Dwarf and Deva teetered dangerously. Gwydion, too far, could only watch helplessly; he focused his fury into his constructs, burning and harrying the Naga. Ghesh wavered; the assassin suddenly reappeared near Gwydion, and he could hear the yuan ti pushing its way up the stairs. Swearing, he charged the assassin.

Morgan gritted his teeth. With agonizing slowness, the dwarf’s heavier weight won out. He and Asha balanced, a fragile triangle. Asha blinked, and her silver, far away eyes gradually focused. She stared up at Morgan. A dreamy smile played across her lips.

“Morgan,” she murmured.

“Hey gal.” The dwarf, straining, managed a crooked smile in return.

“Poison.”

“Ya, I know.”

The battle raged behind them. Morgan risked a quick glance, then back to Asha.

“Asha,” he said quietly. “We need ya. C’mon.”

The pale Deva closed her eyes. She took a ragged breath, held it. Then: eyes opened, white hot. “Strength,” she said to Morgan, voice clear.

“KAGLEM GULM ASHA!” Divine light poured down his arm into Asha as he hurled himself backwards. The Deva swung up onto the platform over the dwarf, and used the momentum of his pull to launch herself towards their enemies.

Gheshkan was bleeding badly, and Gwydion lay on his back, fending off attacks with his staff from the assassin. It reared back, aiming a strike at the prone wizard. Suddenly, the assassin jerked his head around, startled. Asha leaned against him, her lips brushing his ear. He coughed up a gout of blood. Her sword protruded from the side of his ribcage.

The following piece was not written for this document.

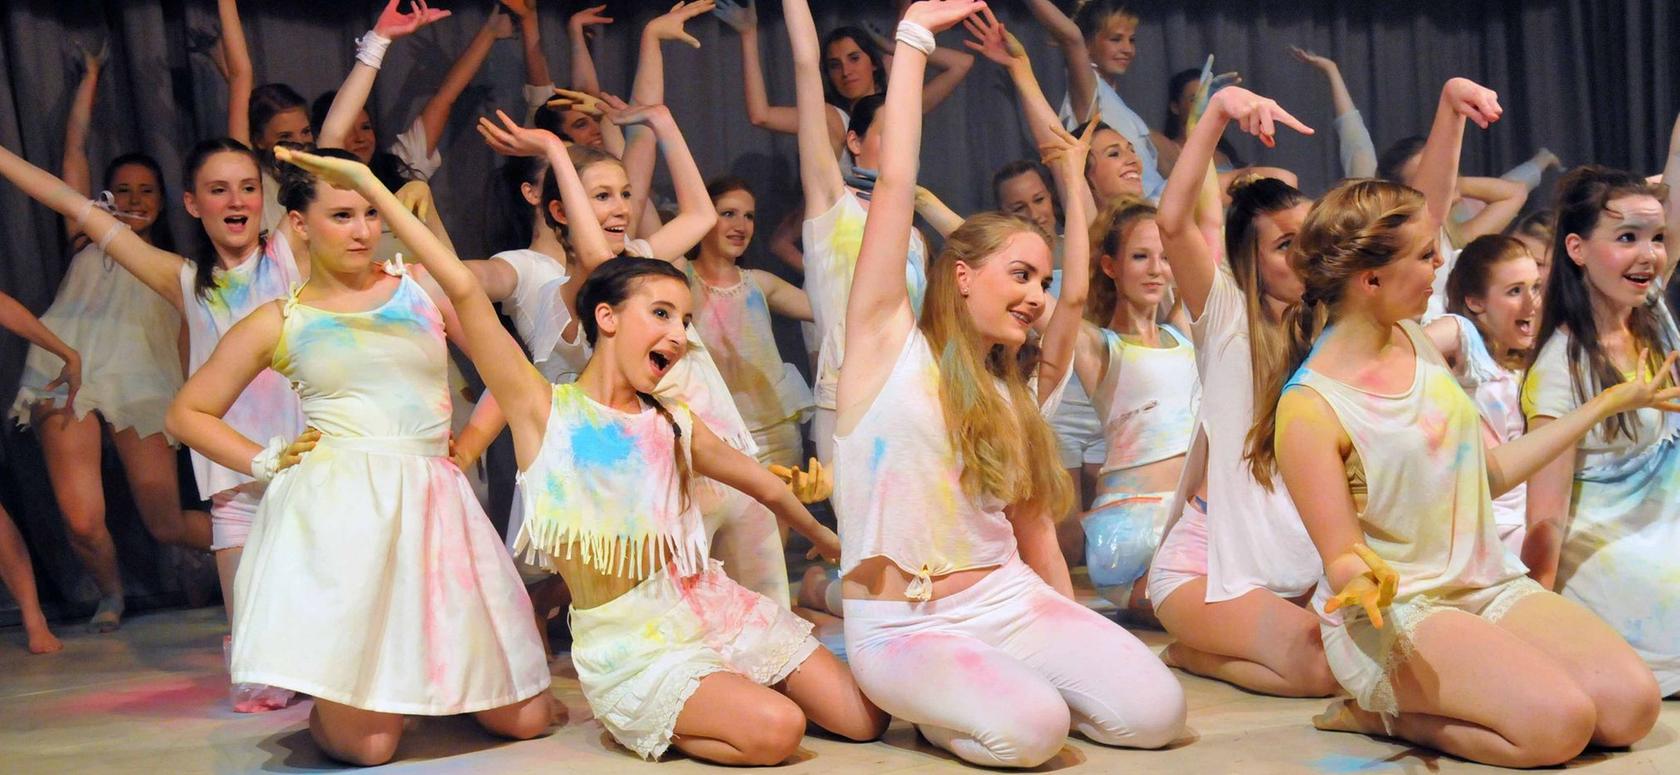 Die Facetten des Glücks brachten die jungen Tänzerinnen auf die Bühne. Die Aufführung erwies sich als multimediales Gesamtkunstwerk.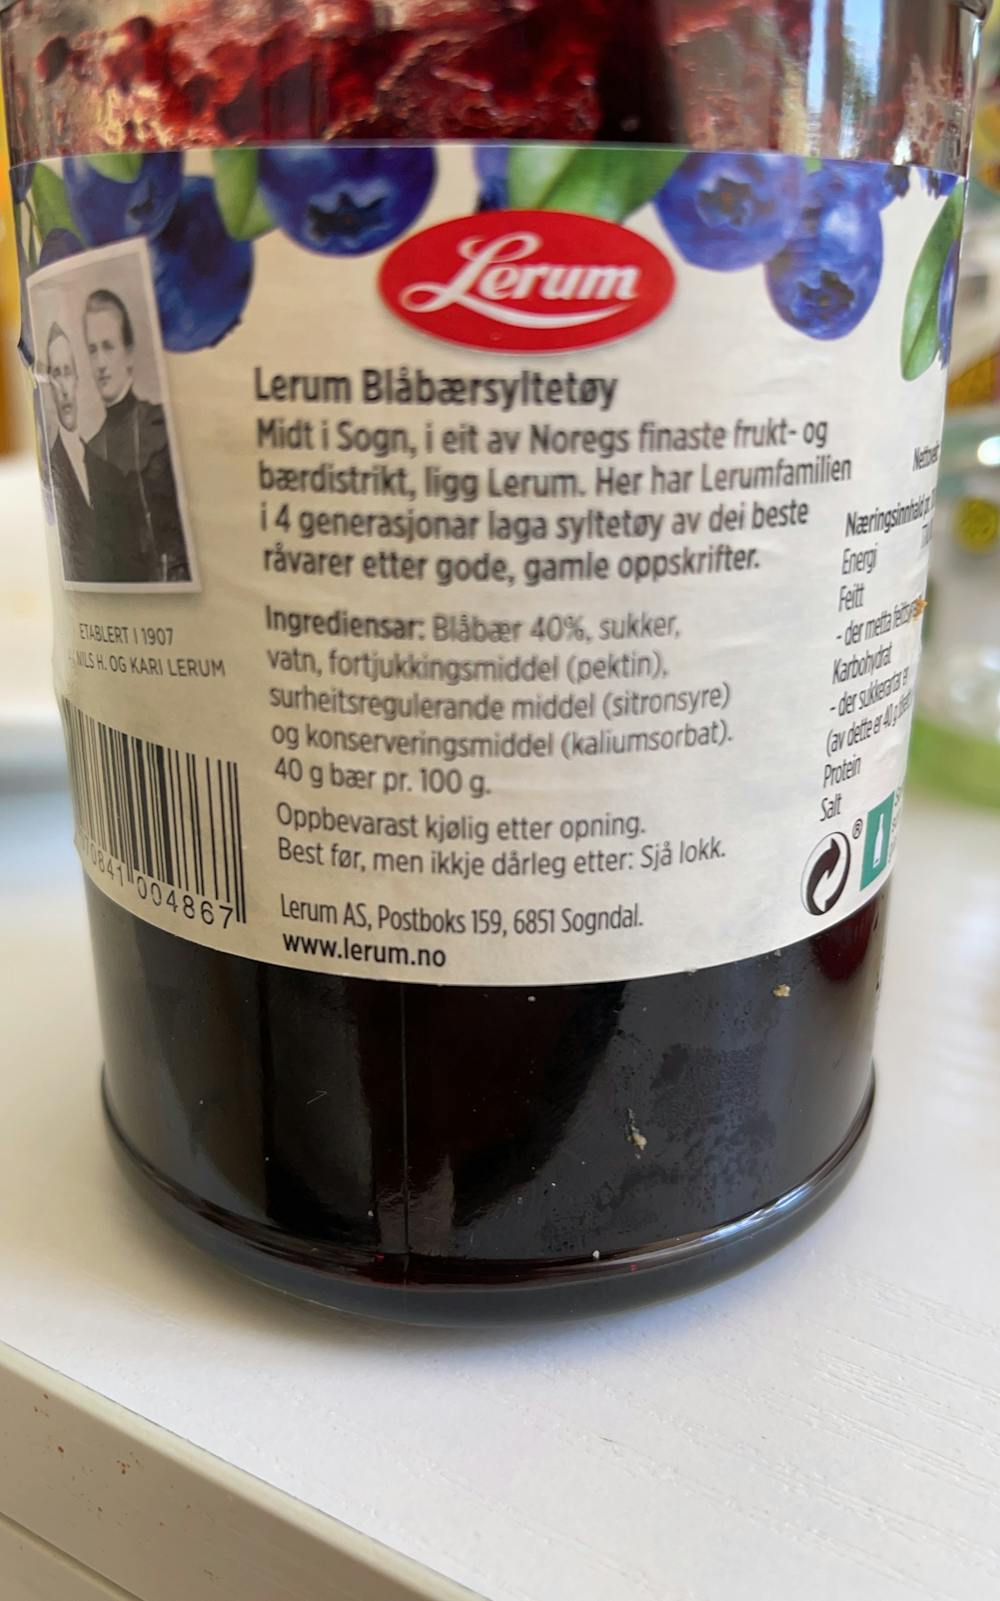 Ingredienslisten til Blåbærsyltetøy, Lerum

“Favour returned,” Asha whispered coldly, then yanked her sword free. He stumbled back, gasping.

The situation was still desperate. But Morgan’s actions helped turn the tide. Sly slew the assassin before he could vanish once more. Ghesh collapsed, mortally wounded by the massive yuan-ti warrior. Morgan shoved it from the stairway before it could finish off the paladin. It plunged to the floor, crushing some snakes, but easily survived the fall. Morgan then revived Ghesh, who staggered to his feet.

“Scar?” asked the dazed dragonborn.

“Uh-huh.”

“For Kord!” Ghesh roared. He readied his axe, turned and jumped off the stairway after the yuan-ti, crushed more snakes and bending more armor. Sly shook his head.

“We really have to adapt that strategy of his.”

Divine wings blossomed upon Asha, who flew down to engage the Naga. Between her blade thrusts and Gwydion’s freezing storm spells, the reptilian mage did not last long. With his allies gone, the brutish yuan-ti’s power diminished greatly. The party hacked it down. The finishing blow delivered by Gwydion.

“Naturally,” he remarked. Over his shoulder, two mage hands shook each other proudly.